P.S. This argument does NOT apply to "creeping inflation" (i.e. consistently below 3%), as that level of inflation is easily controlled and adjusted for, promotes economic growth, and is actually beneficial on balance. Such low to moderate inflation is far better tolerated than risking even a small amount of deflation (negative inflation), which, at best, is VERY difficult to control and can all too easily become a vicious cycle and downward spiral into a full-blown depression or long-term "stagpression". In contrast, inflation only becomes net harmful on balance when it greatly exceeds 3%. Again, history bears this out.
Wednesday, March 15, 2023
How To Defuse The QUADRILLION Dollar Derivatives Bubble
"Beware the Ides of March!"
With all the talk about (so far) isolated bank failures and the potential for a real, wider financial crisis in the near future, no one wants to talk about the real elephant in the room: the looming QUADRILLION dollar derivatives bubble just waiting to burst. And if the FERAL Reserve keeps on hiking interest rates in a misguided attempt to fight inflation that is already cooling, it will burst catastrophically, making 2008 and possibly even 1929 look like a walk in the park.

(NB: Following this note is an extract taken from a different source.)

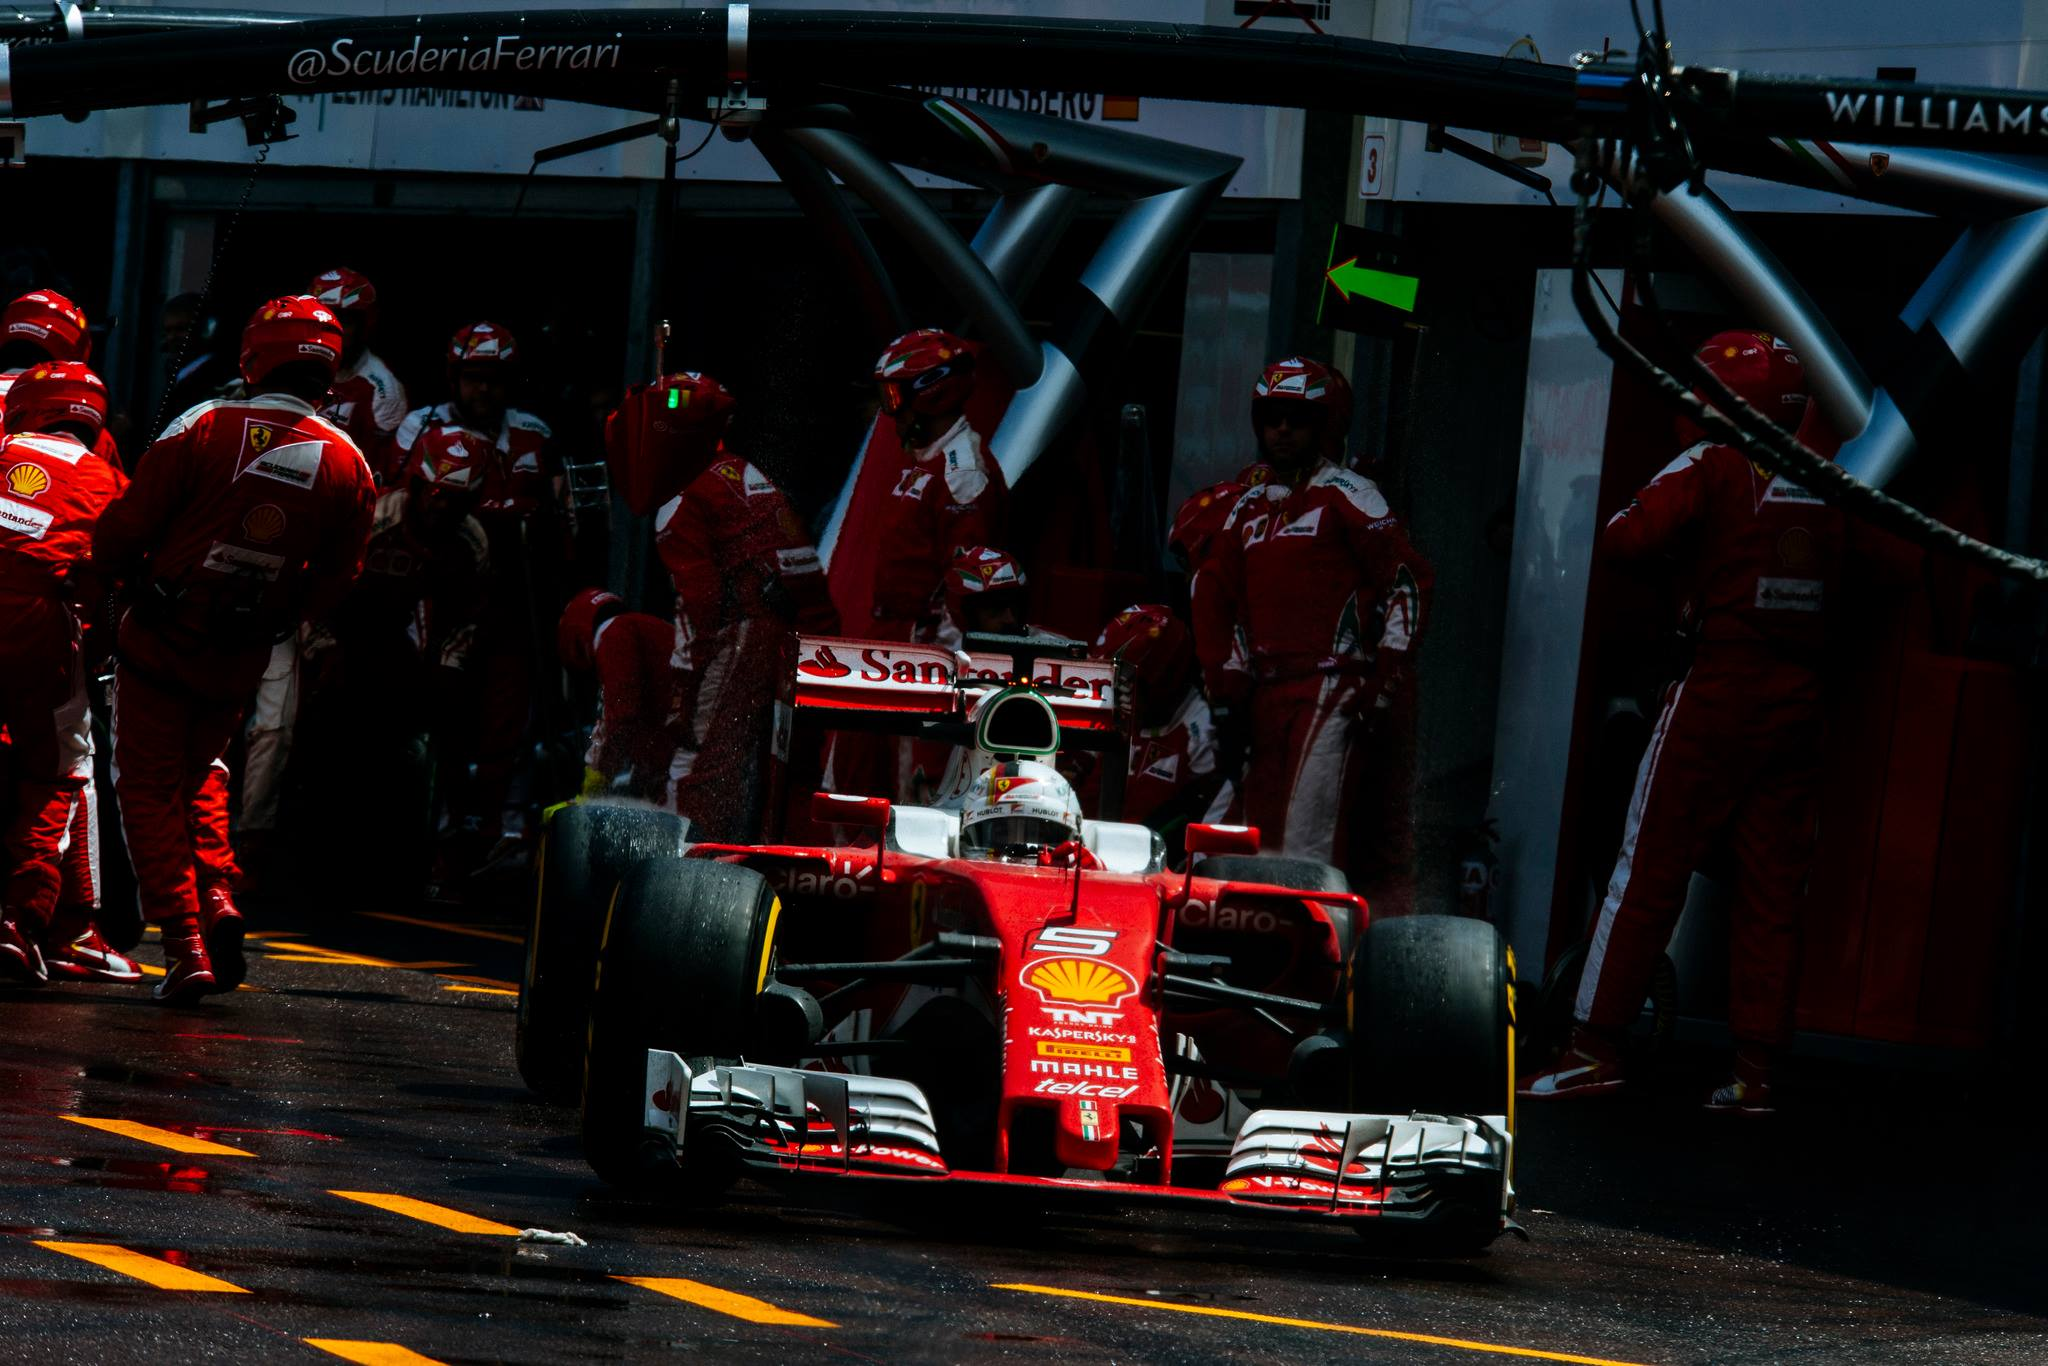 Monaco_domingo_2016_racef1 (2)
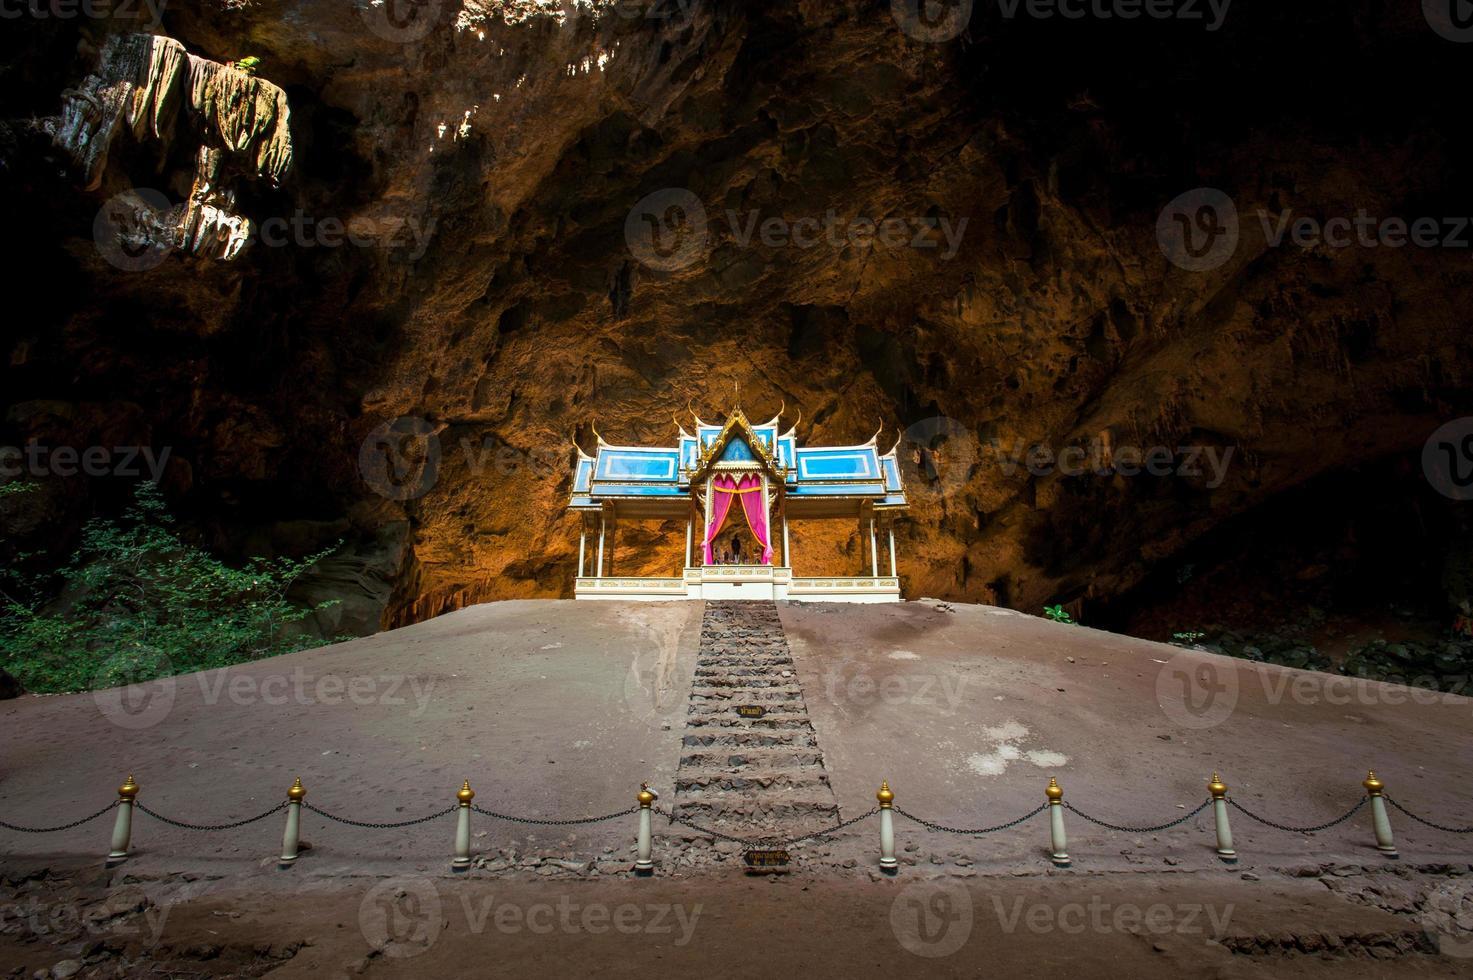 Royal pavilion in the Phraya Nakhon Cave photo

This massive derivatives bubble was decades in the making, resulting from the ever-increasing "financialization" of the economy. Wall Street has basically been gambling with other people's money, in the world's largest casino, all while getting bailouts. Privatize the profits, and socialize the losses, basically.
There is still time to defuse this ticking time bomb though:
- Cut interest rates, YESTERDAY! Or at least stop raising them!
- End Quantitative Tightening, YESTERDAY!
- Pass a financial transaction tax (aka "Wall Street Gaming Tax") of 0.1% on all financial transactions, including stocks, bonds, and especially derivatives.
- Repeal the "safe harbor" provision of bankruptcy law, particularly as it applies to derivatives.
- Reinstate the Glass-Steagall Act in full.
- Ban the practice of "quote stuffing".
- Ban stock buybacks by corporations.
- Going forward, ban any and all types of new and exotic derivatives that are not completely transparent.
- No more bailouts OR "bail-ins" of the banks (but of course depositors should still be made whole per the FDIC, with no apologies to ultra-purist libertarians or paleoconservatives).
- Implement "Quantitative Easing For People" (that is, with direct payments to individuals, not banks) as needed.
- And last but not least, all banks that are "too big to fail" are really too big to exist, and should thus be either forcibly broken up, or nationalized as public utilities. YESTERDAY!